Théophile de Viau (159025 September 1626) was a French Baroque poet and dramatist.

Life
Born at Clairac, near Agen in the Lot-et-Garonne and raised as a Huguenot, Théophile de Viau participated in the Huguenot rebellions in Guyenne from 1615–16 in the service of the Comte de Candale. After the war, he was pardoned and became a brilliant young poet in the royal court.
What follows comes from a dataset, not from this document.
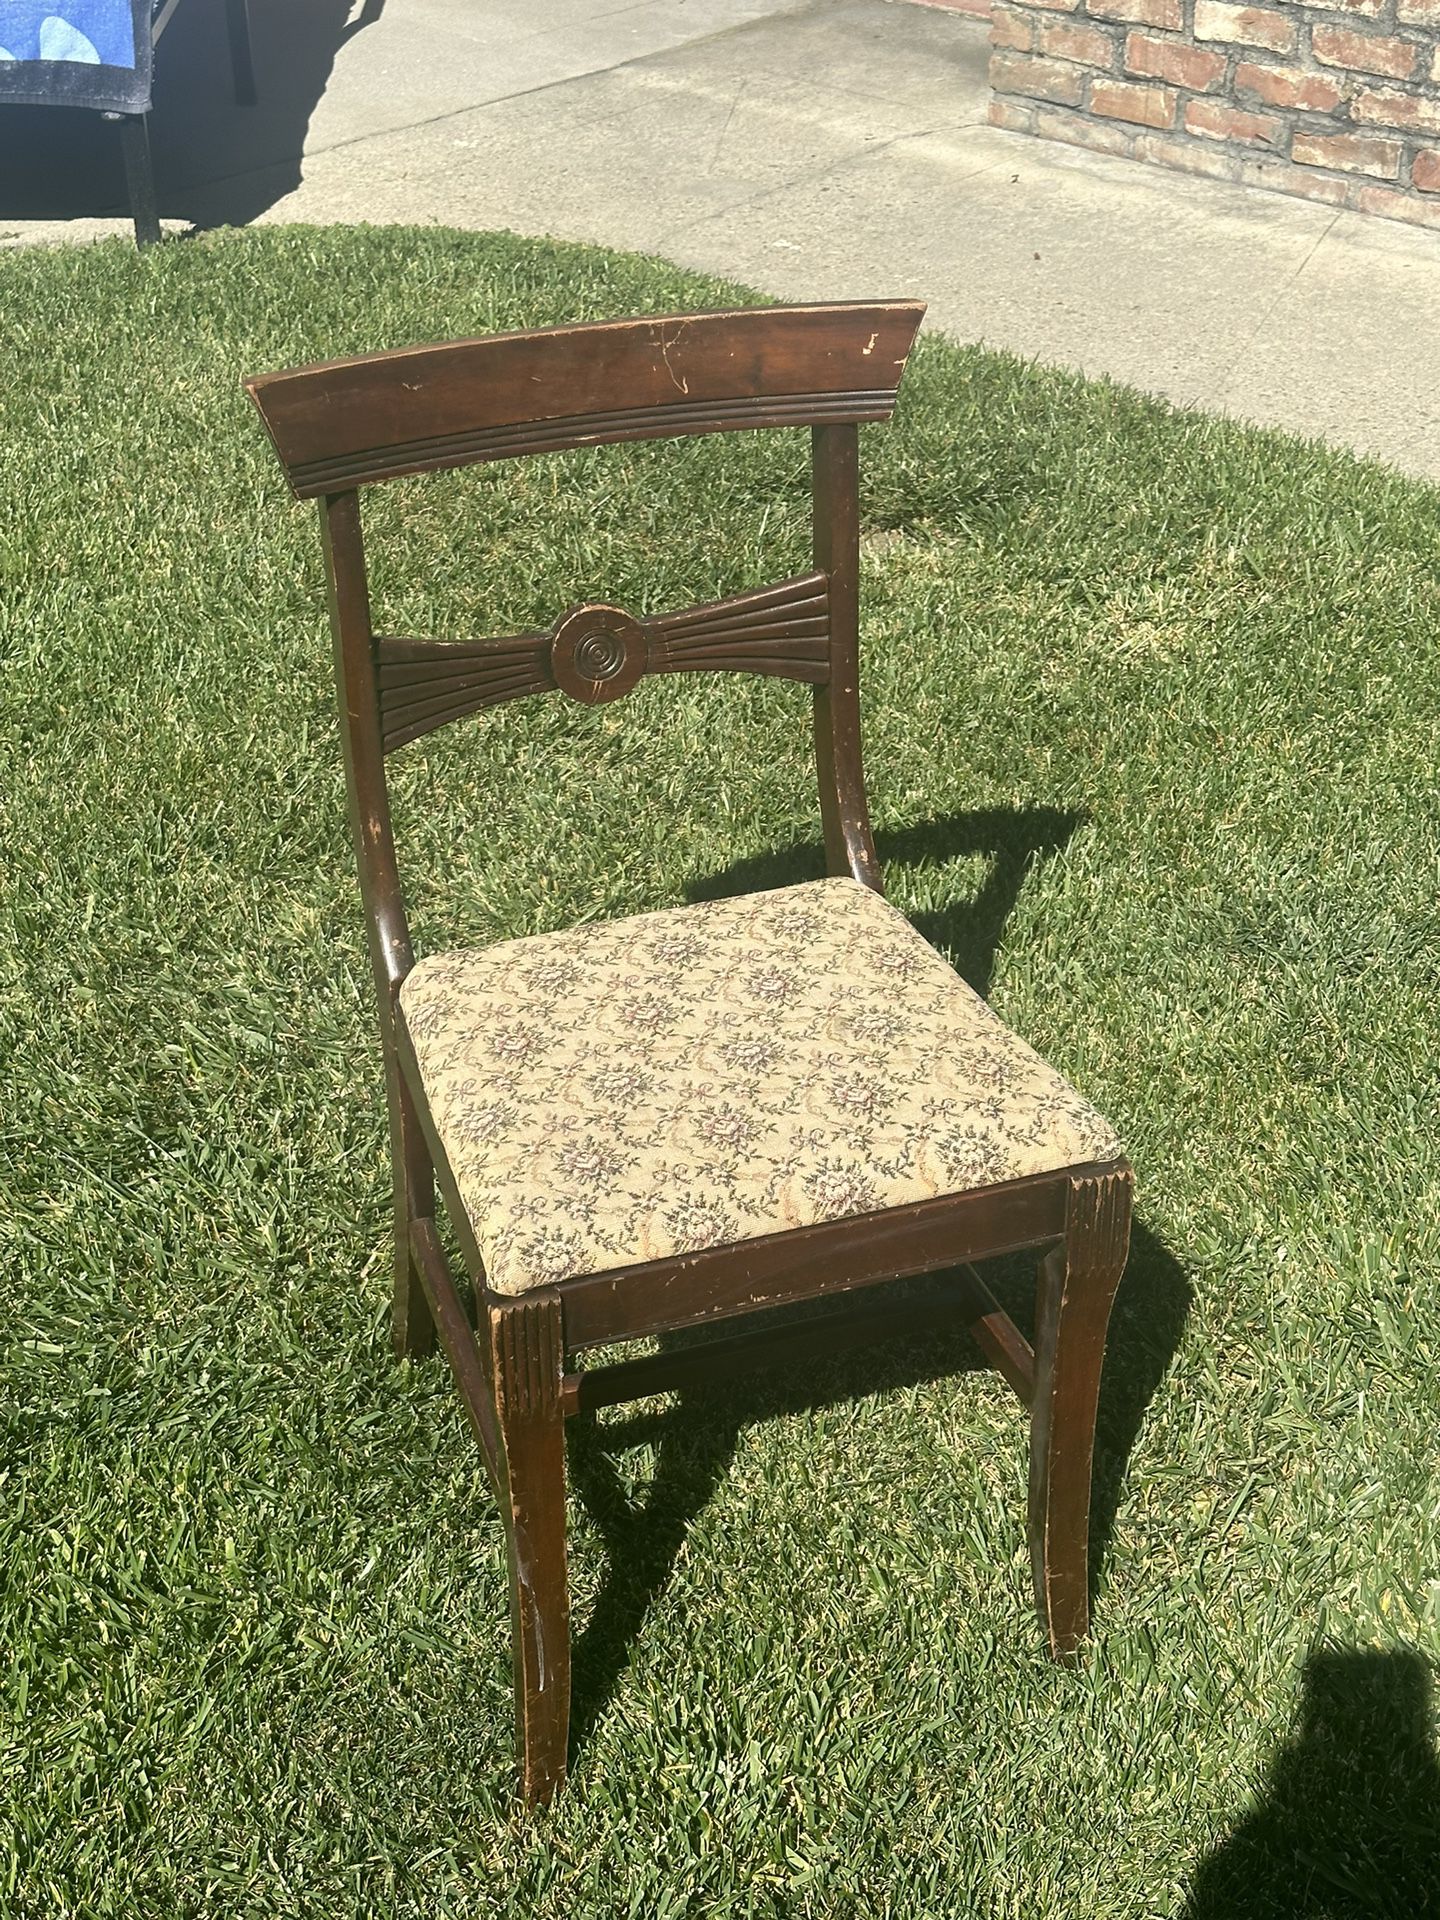 Antique Mahogany Chair

Théophile came into contact with the epicurean ideas of Italian philosopher Lucilio Vanini, which questioned the immortality of the soul. (Vanini was accused of heresy and of practising magic, and after having his tongue cut out, was strangled and his corpse burned in Toulouse in 1619.)

Because of his heretical views and his libertine lifestyle, de Viau was banished from France in 1619 and traveled in England, though he returned to the court in 1620.  In 1622 a collection of licentious poems, Le Parnasse satyrique, was published under his name, although many of the poems were written by others. However, de Viau was denounced by the Jesuits in 1623  on moral charges, for his bisexuality. He was imprisoned and sentenced to appear barefoot before Notre Dame in Paris to be burned alive.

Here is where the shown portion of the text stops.